Looking for a foreclosure or REO property in ?

What is an REO?

REO is Real Estate Owned. These are properties which have completed the foreclosure process and are currently held by the bank or mortgage company. This is not the same as a property up for foreclosure auction. If you buy a property during a foreclosure sale, you must pay at least the loan balance plus any interest and other fees accumulated during the foreclosure process. The buyer must also be prepared to pay with cash in hand. And on top of all that, you'll accept the property totally as is. That possibly will include current liens and even current denizens that need to be removed.

A REO, by contrast, is a much neater and attractive deal. The REO property didn't find a buyer during foreclosure auction. The bank now owns it. The bank will attend to the removal of tax liens, evict occupants if needed and generally organize for the issuance of a title insurance policy to the buyer at closing. You should be aware that REOs may be exempt from typical disclosure requirements. For example, in California, banks do not have to give a Transfer Disclosure Statement, a document that normally requires sellers to make known any defects of which they are aware.

Are REO's a bargain in Tucumcari?

It is commonly presume that any REO must be a good deal and an possibility for easy money. This simply isn't true. You have to be cautious about buying a REO if your intent is to make money off of it. While it's true that the bank is usually anxious to sell it promptly, they are also strongly motivated to get as much as they can for it. When considering the value of a REO, you need to look closely at comparable sales in the neighborhood and be sure to take into account the time and cost of any repairs or remodeling needed to prepare the house for resale. It is possible to find REOs with money-making potential, and many people do very well buying and selling foreclosures. However there are also many REO's that are not good buys and may lose money.

All set to make an offer?

Most banks have a REO department that you'll work with in buying a REO property from them. Commonly the REO department will use a listing agent to get their REO properties listed on the local MLS. Before making your offer, you'll want to contact either the listing agent or REO department at the bank and learn as much as you can about what they know regarding the condition of the property and what their process is for getting offers. Since banks usually sell REO properties "as is", you may want to include an inspection contingency in your offer that gives you time to check for unknown damage and withdraw the offer if you find it.

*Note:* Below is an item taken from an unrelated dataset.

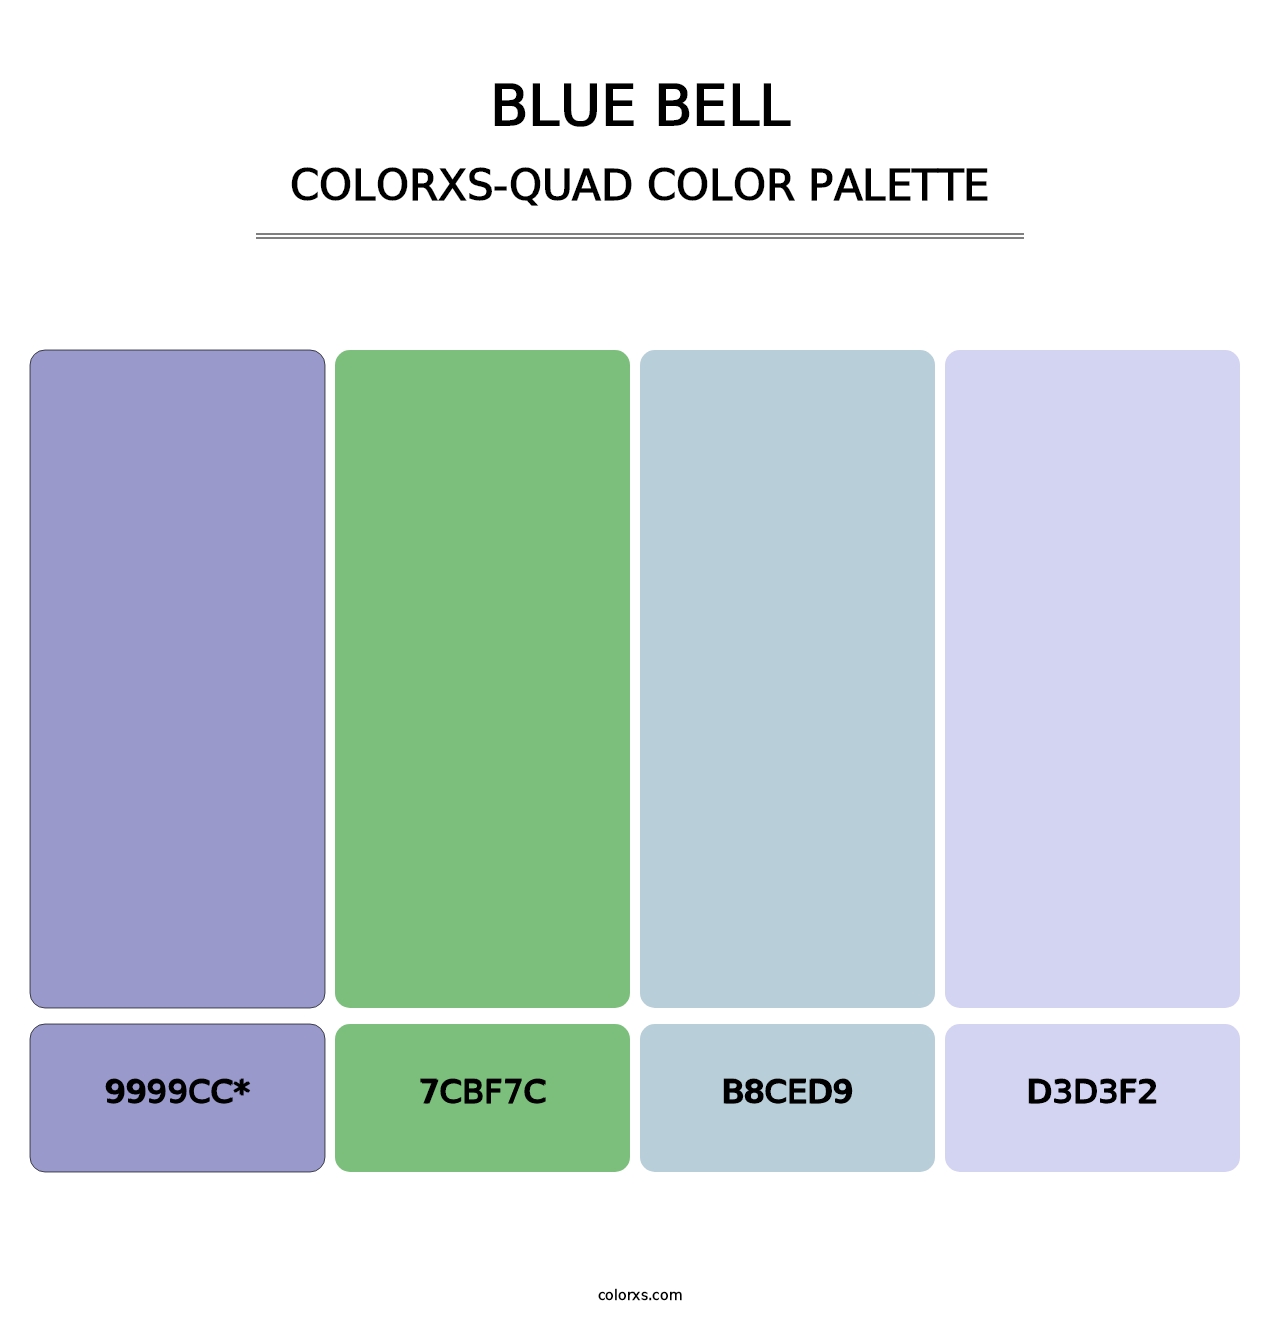 Blue Bell - Colorxs Quad Palette

As with making any offer on real estate, providing documentation of your ability to pay may make your offer more attractive, such as a pre-approval letter from a lender. After you've submitted your offer, you can expect the bank to respond with a counter offer. Then it will be up to you to decide whether to accept their counter, or offer a counter to the counter offer. Understand, you'll be working with a process that usually involves a group of people at the bank, and they don't work evenings or weekends. It's not unusual for the process of offers and counter offers to take days or even weeks.